There are other ways of expressing the tokens described here.
The C code
scanner generated by LEX can be altered before it is compiled. The generated
scanner is actually written to be "parser-driven"; when it is
integrated into a compiler front end, it is invoked by the parser.
Figure 3
shows how the tool operates. These steps may vary from system to system:
The LEX
metalanguage description is input in a file called lex.1. LEX produces
a file called lex.yy.c.
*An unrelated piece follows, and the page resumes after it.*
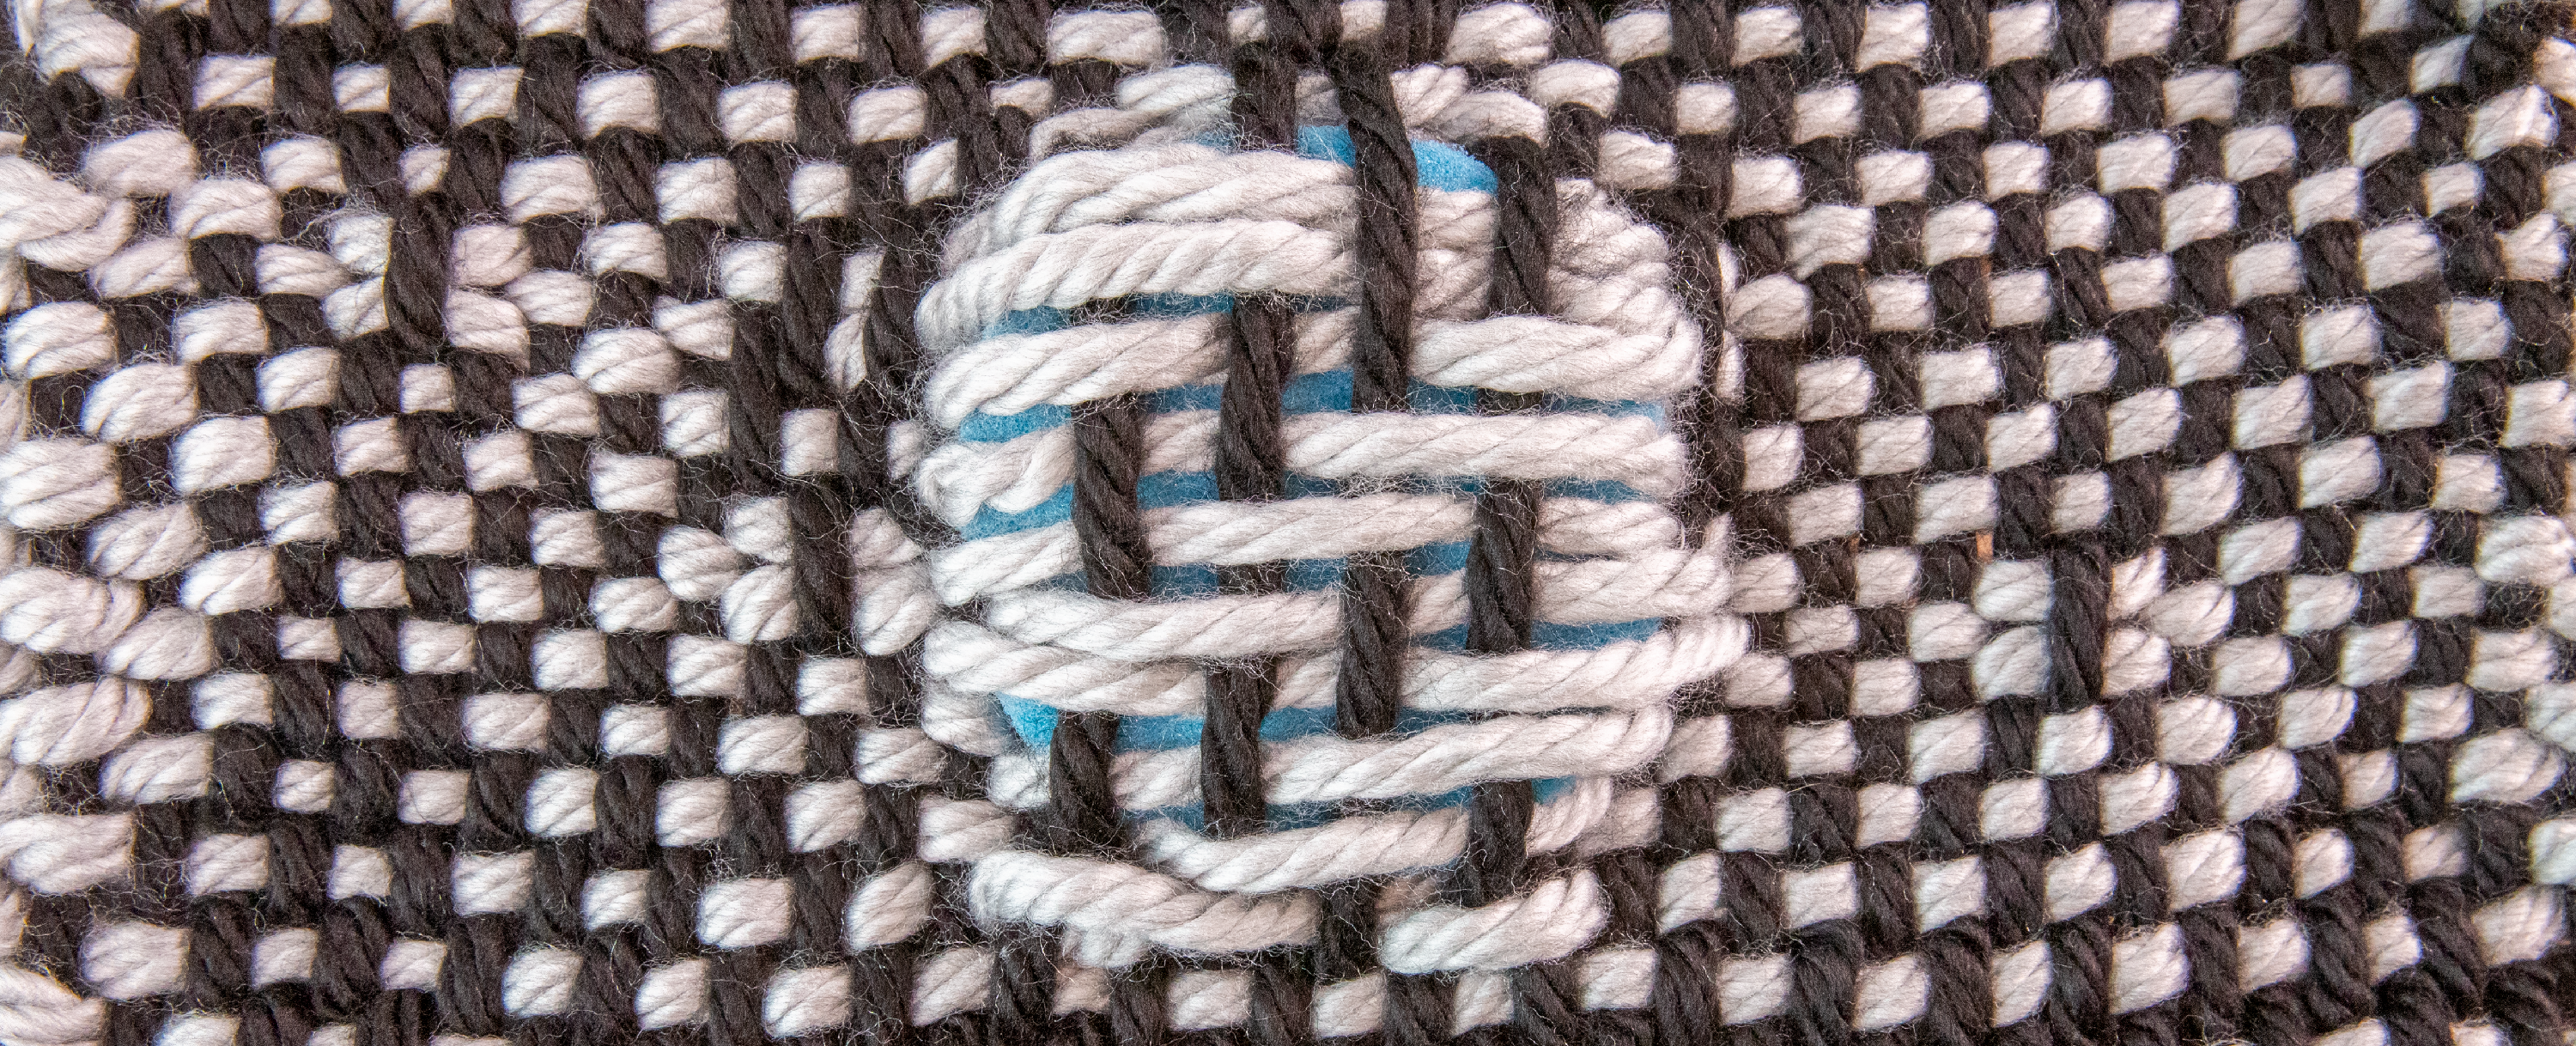 Double-woven fabric containing a foam disc.

The generated lexical analyzer is in UNIX's
executable file called a.out.
Within the
generated lex.yy.c is a C function called yylex() which
performs GetChar and other actions discussed in Section 2.2
The
resulting scanner matches the longest input sequence. If two regular
expressions match a particular input, then the first one defined is used. There
are many more details of LEX's functionality to be described, and the reader is
invited to look at a user's manual for
any available LEX to which you may have access.
This has
been an introduction to lexical analyzer generators and the process of
converting from a regular expression to a minimal DFA, which is the lexical
analyzer. This conversion is so complicated that many computer scientists
advocate writing a lexical analyzer and then making changes to it for new
applications. This works well for applications where the tokens are quite
similar.
The
process of generating a lexical analyzer has been likened to the compiler
process itself:
There are several lexical analyzer generators
on the market, making it unlikely that anyone except a compiler tool designer
or student in a sadistic instructor's class would ever have to write one.